I got close to Marble Island in good time with no further mishaps until the tide changed and picked up strength, pushing large amounts of water around the island. At first the tide change was barely noticeable—I was paddling along thinking I was making for the island and wondering if there was fresh water and what I’d be eating that night. Then all of a sudden I woke from my daydream and realised I’d been in the same spot for fifteen minutes. The currents soon developed before my eyes and ripped up the sea, the water turned nasty and it was like paddling against a strong river. I looked all around me for a way out, but the whitecaps had completely surrounded me. I started trying to head for the shore, thinking the current would be less near the island, but it got stronger. Then I tried heading away from the island but the current got rougher over sandbars and rips. In the end I just plugged into it and over an hour later, after paddling as hard as I could, I reached calm waters and almost threw up as a result of the effort I’d had to put in.
I had timed my crossing of the area on the east coast with the greatest tidal movement at the time of year when it had its highest tides. Every 14 days the moon lines up with the sun to increase the gravitational pull on the oceans. This makes the seas slop from one
side of the world to the other with a bit more vigour. But twice a year due to both the sun and moon being a bit closer to the Earth than usual, their combined gravitational strength creates king tides. This happens in early January, creating the strongest currents as the seas try and balance. It wasn’t the best time for a kayak trip in this area, but what could I do—wait two weeks for better conditions or just get on with it? If you were making plans to paddle this area you’d pick a better time of year, smaller tide range and perhaps a different direction, planning to make the currents and winds work for you, but I had a bigger picture to deal with.
The next day, after a bit of time at Marble Island spent waiting for the tide to come in, I set off for Curlew Island. It was a very hot, still day, which meant the seas were calm but the effect of the heat was doubled as it rebounded off the flat ocean with a strength that really took it out of me and made paddling hard work. Then, after a full day on the water, I almost got swept past Curlew Island by the currents. It was sapping at the end of a baking hot day to paddle against the current for an hour, but it had to be done otherwise I would’ve been swept out to the open ocean. At one point when I was in relatively weak water I stopped paddling and my GPS showed me moving sideways at 4 knots. I can’t tell you how strong the current was at its worst, when the water was squeezed passed a rock or island, as it was all hands to the paddle. I would have lost too much ground reading the GPS. I had to put in a lot of extra effort to make it to the beach on the north side but was rewarded with a great campsite.

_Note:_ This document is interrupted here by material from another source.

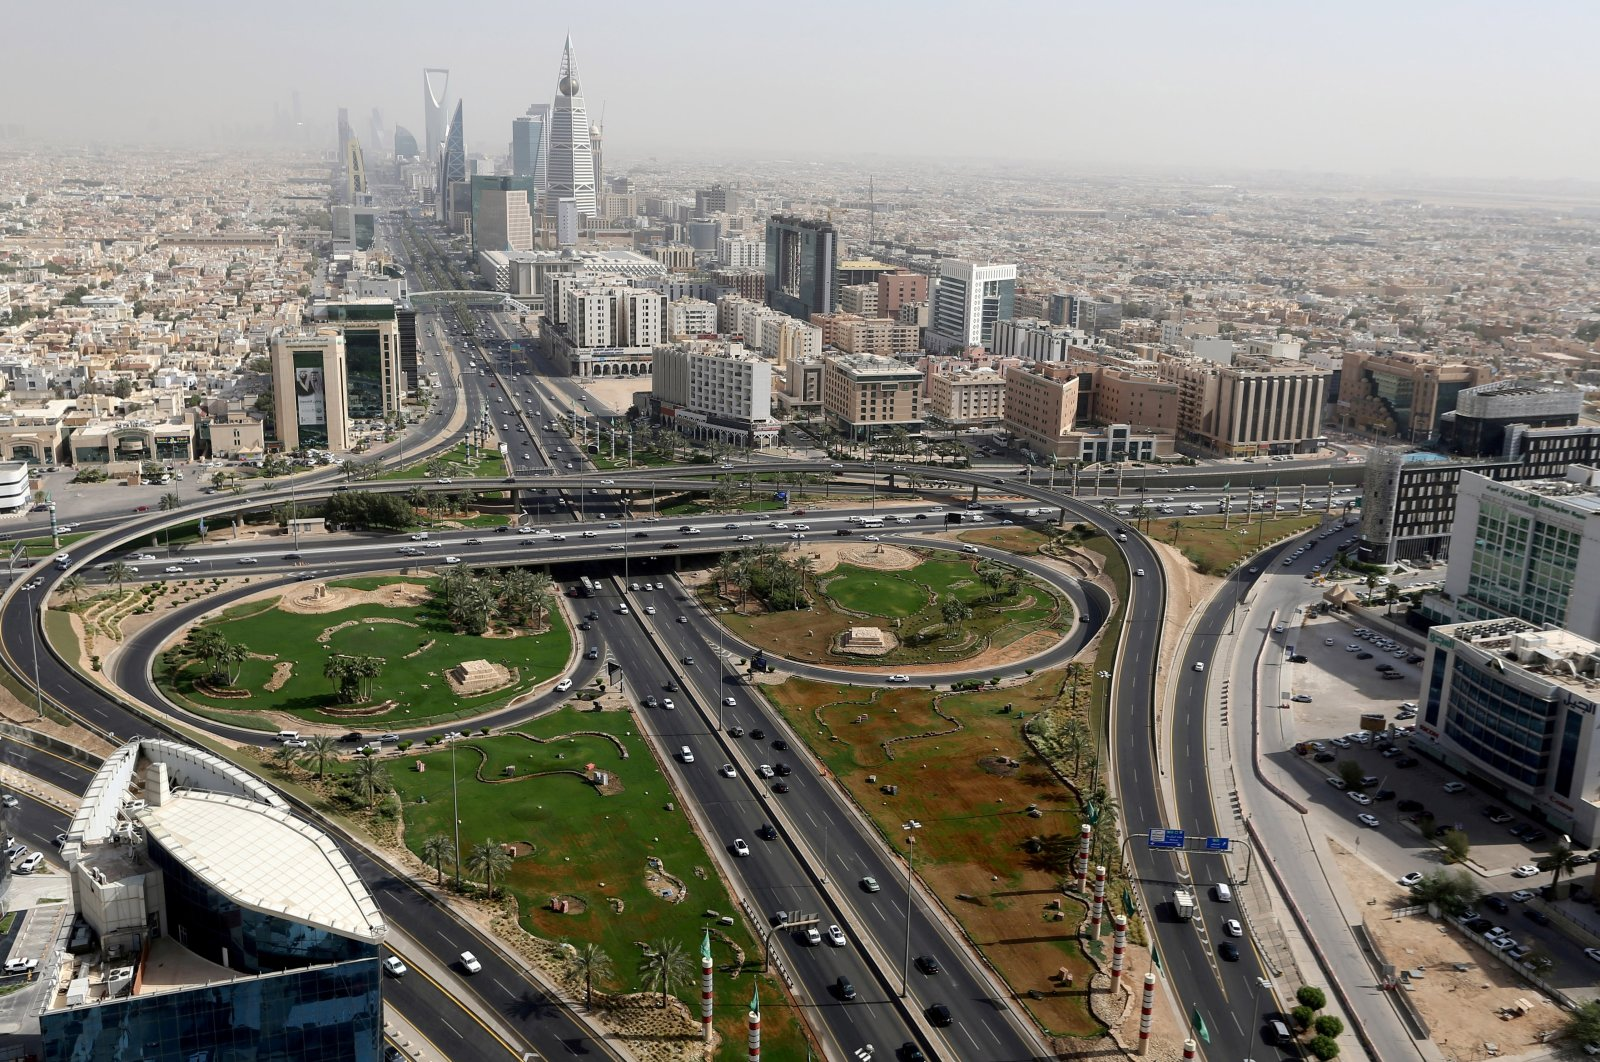 A general view of Riyadh, Saudi Arabia, June 21, 2020. (Reuters Photo)

From Curlew Island I made the mainland at Grasstree Beach just as a change in the weather brought a 30-knot southerly and storms which thankfully held off until I got out of their way. I was whacked and didn’t care where I slept. I found a house that looked empty and set up camp under their porch, hoping the owners didn’t turn up. It had been a challenging stretch from Seventeen Seventy and I was feeling drained from the effort, but it was one of the more memorable sections of the east coast due to the currents and remoteness. With the glow of achievement that comes from getting through a challenge, I fell asleep.